Traditional Hindu mythology features matriarchal power in a central role, reflected in the powerful presence of the Mother goddess, who is diversely called Annapurna, Durga, Parvati, Mahadevi, Shakti, Kali or Mahakali. As Annapurna, she is the provisioner of food and nurturance; as Durga she destroys asuric or demonic elements that cannot be dealt by male gods; as Kali, in her dark mode, she is the erratic, fickle, chastening mother, associated with death and destruction as well as grace and rejuvenation. As Shakti or Mahadevi, known by the common name "Devi" (from the Sanskrit root "to shine"), she is the life-giving, generative power of the universe.

In Hinduism, Saraswati, Lakshmi, Radha, Parvati, Durga and other goddesses represents both the feminine aspect and the shakti (power) of the supreme being known as the Brahman. The divine mother goddess, manifests herself in various forms, representing the universal creative force. She becomes Mother Nature (Mula Prakriti), who gives birth to all life forms and nourishes them through her body. Ultimately she re-absorbs all life forms back into herself, or "devours" them to sustain herself as the power of death feeding on life to produce new life. She also gives rise to Maya (the illusory world) and to prakriti, the force that galvanizes the divine ground of existence into self-projection as the cosmos.

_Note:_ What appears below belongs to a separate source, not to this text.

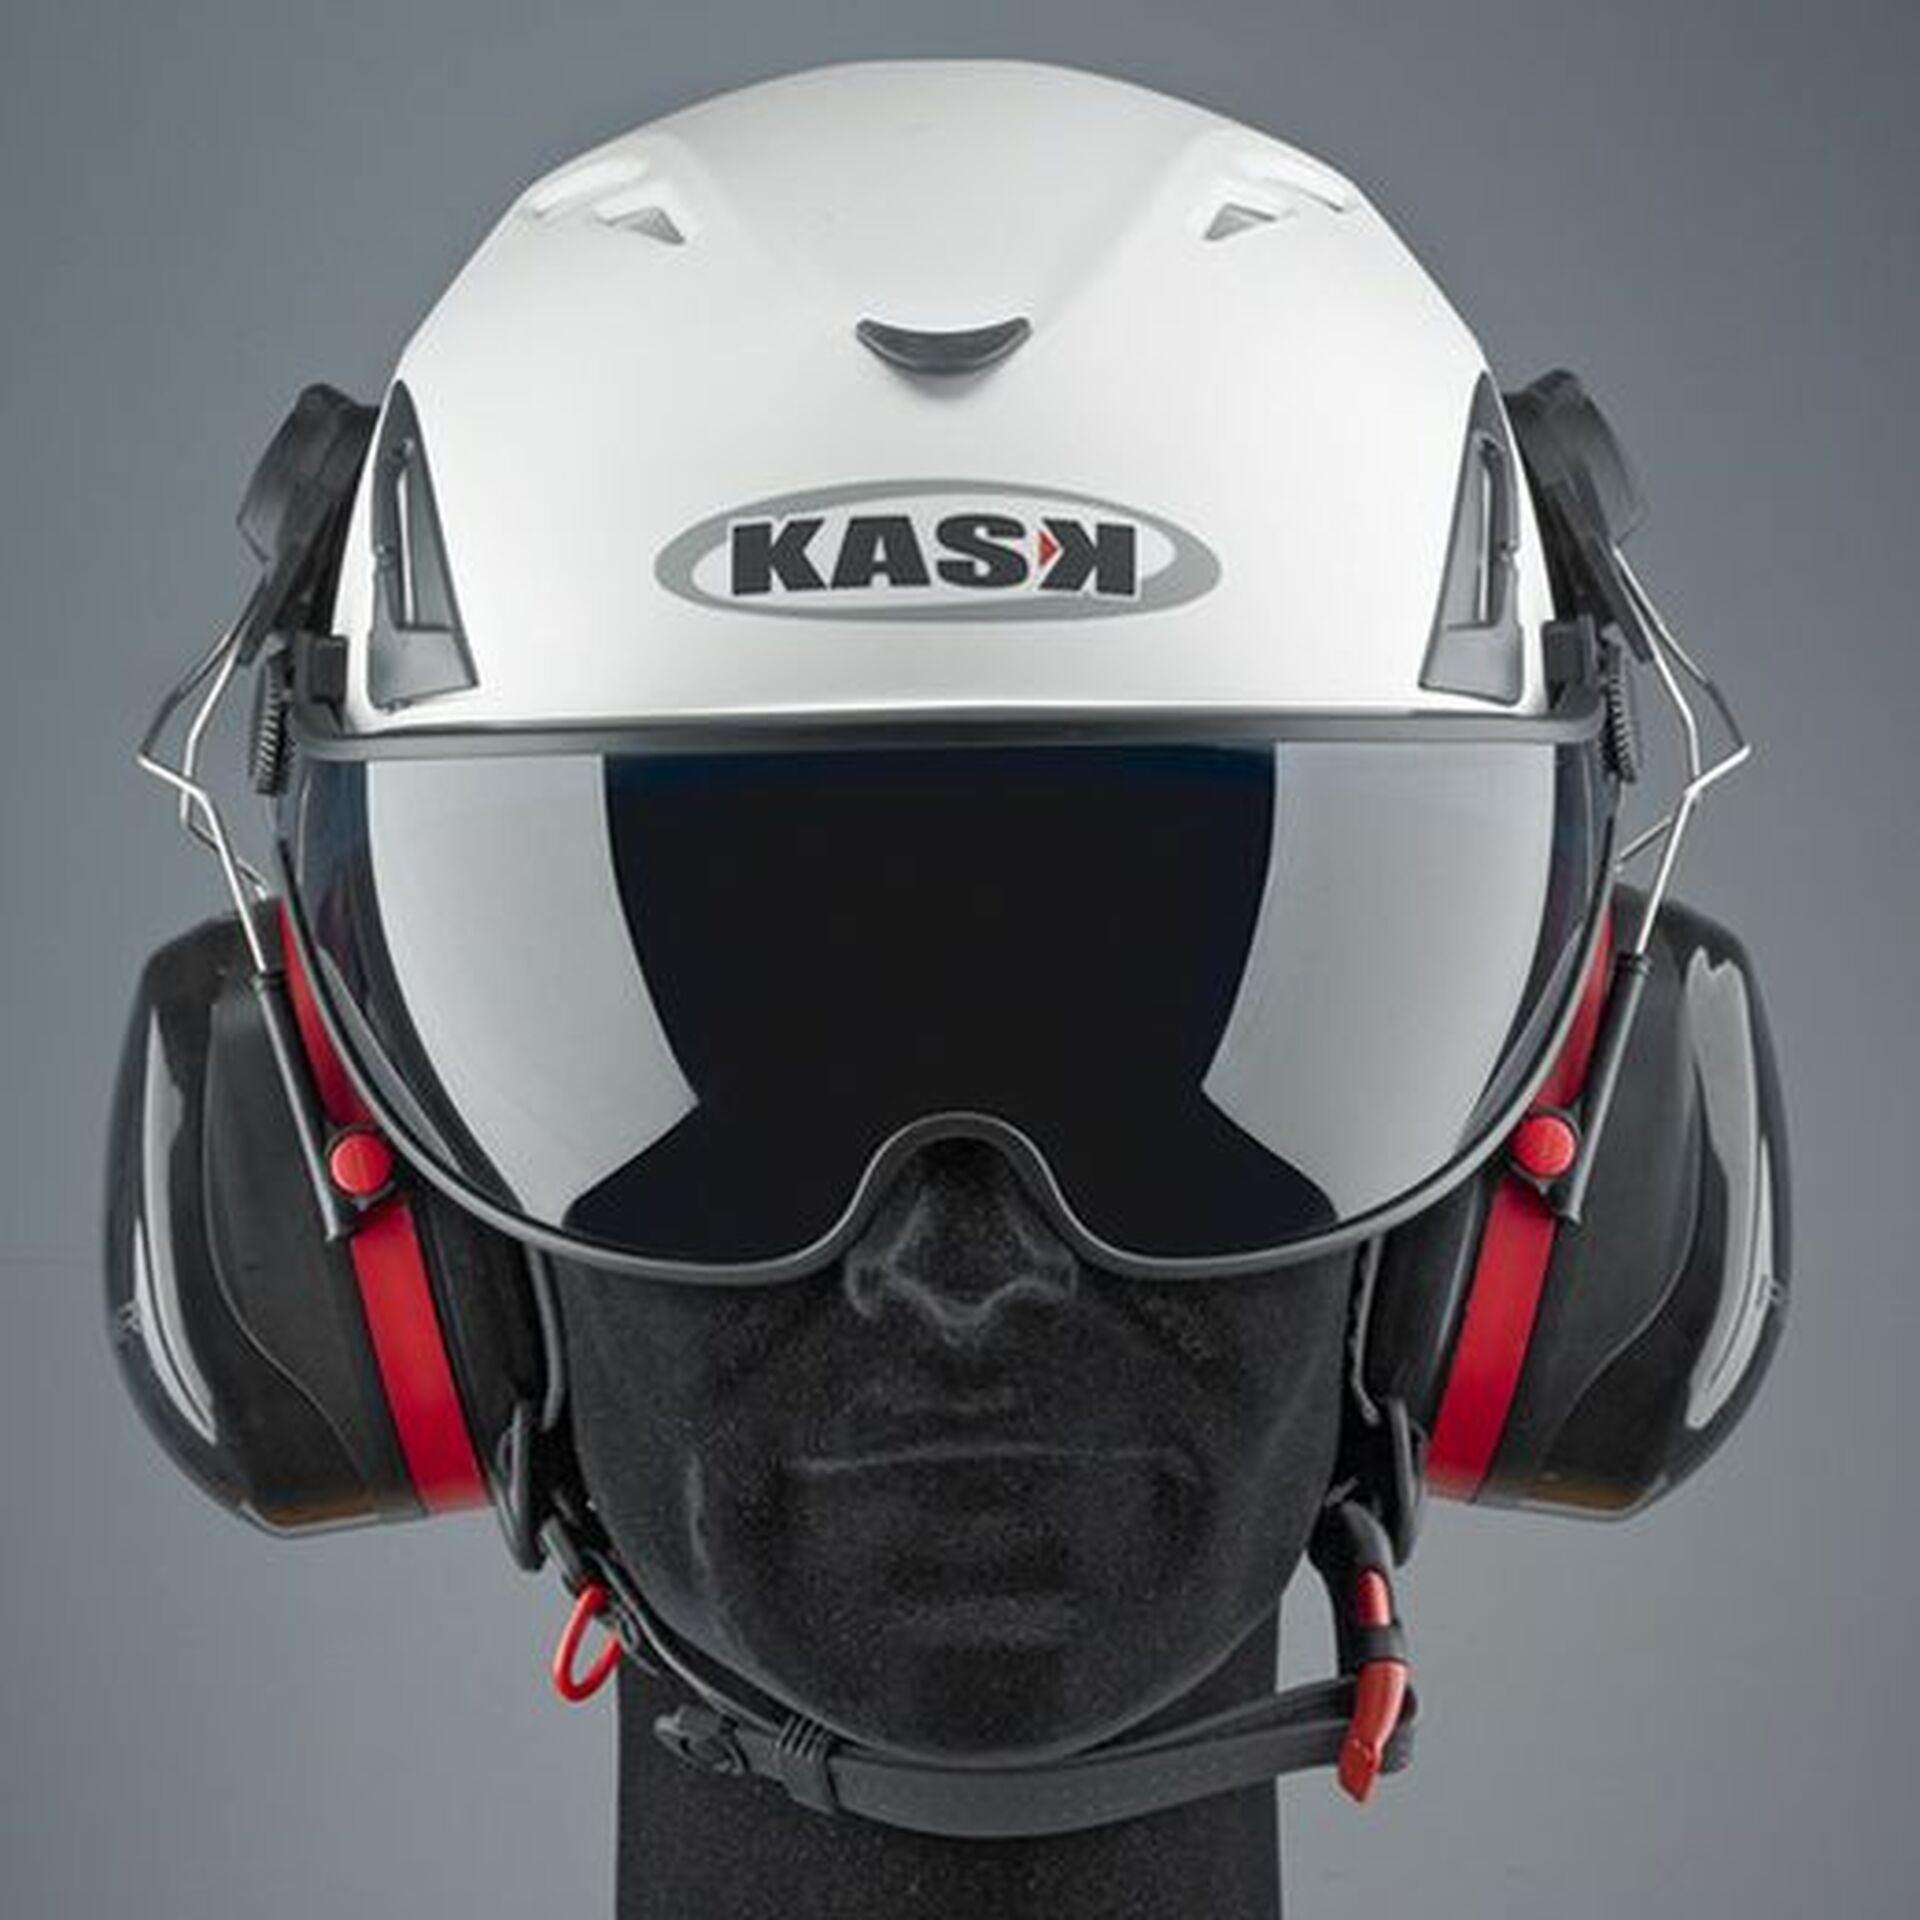 Kask Plasma Safety Helmets

The Shakti sect is strongly associated with Samkhya, and Tantra Hindu philosophies and ultimately, is monist. The primordial feminine creative-preservative-destructive energy, Shakti, is considered to be the motive force behind all action and existence in the phenomenal cosmos. The cosmos itself is purusha, the unchanging, infinite, immanent, and transcendent reality that is the divine ground of all being, the "world soul". This masculine potential is actualized by feminine dynamism, embodied in multitudinous goddesses who are ultimately all manifestations of the one great mother. Shakti, herself, can free the individual from demons of ego, ignorance, and desire that bind the soul in maya (illusion). Practitioners of the Tantric tradition focus on Shakti to free themselves from the cycle of karma.

The worship of the mother deity can be traced back to early Vedic culture. The Rigveda calls the divine female power Mahimata (R.V. 1.164.33) which means "great mother".

== Christianity ==

The Council of Ephesus in 431 AD affirmed Mary as Theotokos (Greek: "God-bearer"), establishing her title as Mother of God in Christian theology. The council emphasized that, because Jesus Christ is both fully divine and fully human, Mary is the mother of the incarnate Word.

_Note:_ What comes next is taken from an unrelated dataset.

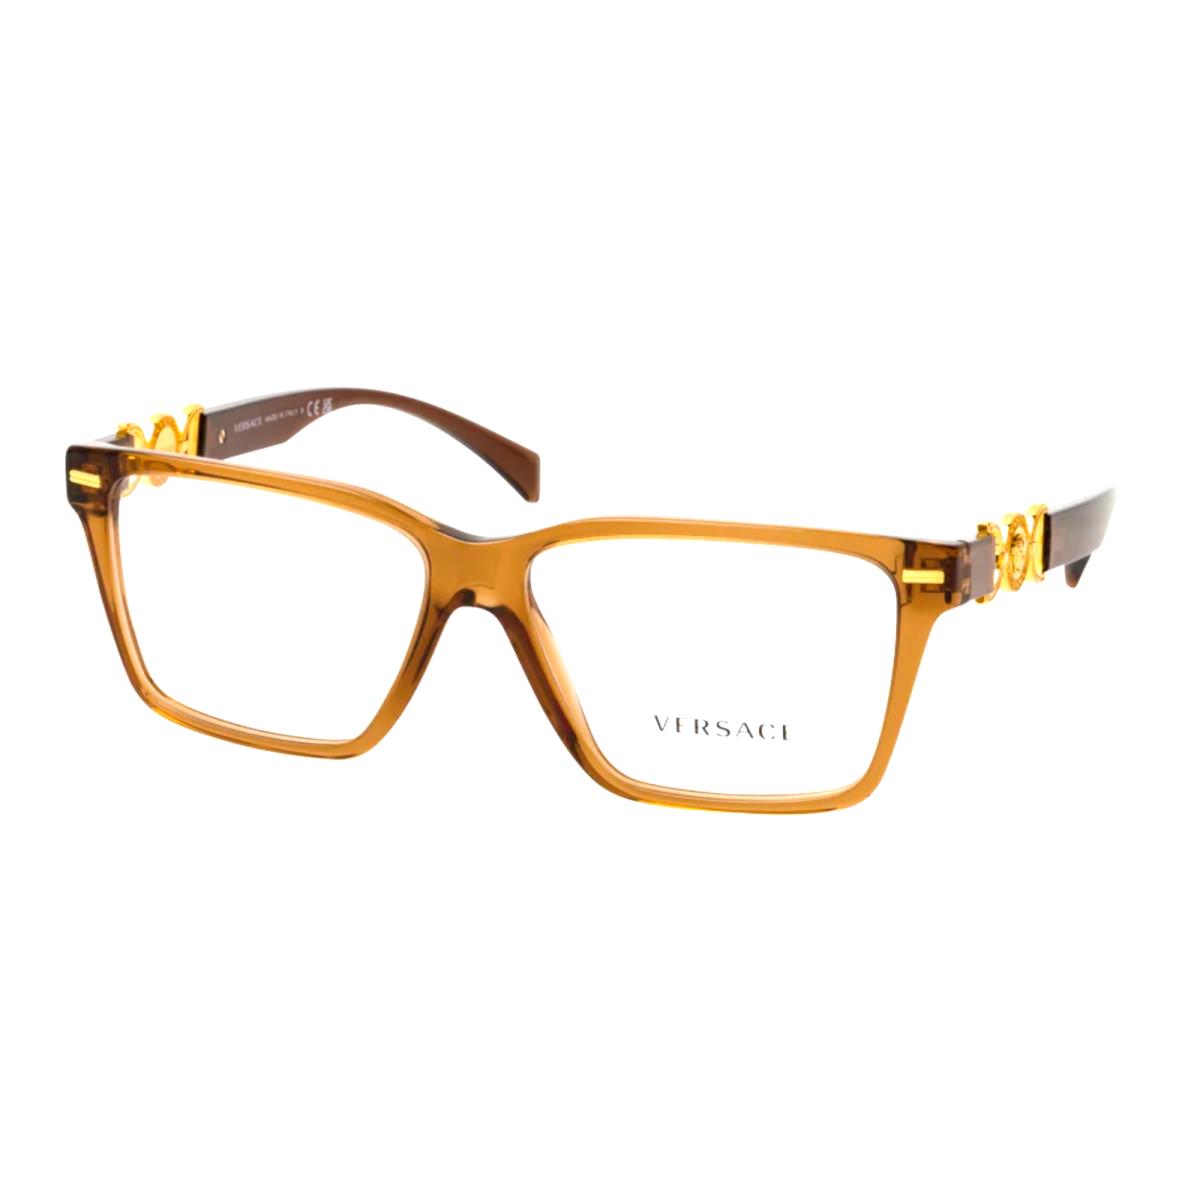 Versace Eyeglasses Mod. 3335 5028 54-14 140 Brown Gold Frames Medusa Logos - Frame: Brown, Lens:

Mary occupies a central role in Christian devotion, particularly within the Catholic and Orthodox churches. While Protestants generally reject Marian devotion, Catholic and Orthodox theology maintains that veneration of Mary differs from worship of God, reserving adoration (latria) for the Trinity alone.

The earliest known prayer directed to Mary, the Sub Tuum Praesidium, dates to approximately the 3rd century and seeks her intercession and protection. The Hail Mary, originating in the 11th century, became a central element of the Rosary. Shrines and devotions such as Our Lady of Guadalupe, Our Lady of the Rosary, and Our Lady of Good Counsel are observed in diverse cultural contexts.

According to Catholic and Orthodox teaching, Mary’s life concluded with her body taken up into heaven (the Assumption in Western Christianity & the Dormition in Eastern Christianity). She is regarded as the foremost saint, who is believed by some Christians to continue intervening & interceding in the world through reported Marian apparitions.

Mary has not been described in Christian theology as a goddess or divine in her own right. Scholastic theology and Mariology consistently describe her as a created being, subordinate to and distinct from the Triune God.

In pre-Islamic Arabia, Collyridians were an unorthodox Christian denomination who reportedly worshipped Virgin Mary, by making burnt offerings of dough to her. Ancient Christians viewed the Collyridians as heretics, holding that Mary was only to be honoured, and not to be worshipped like the God-man of Christianity.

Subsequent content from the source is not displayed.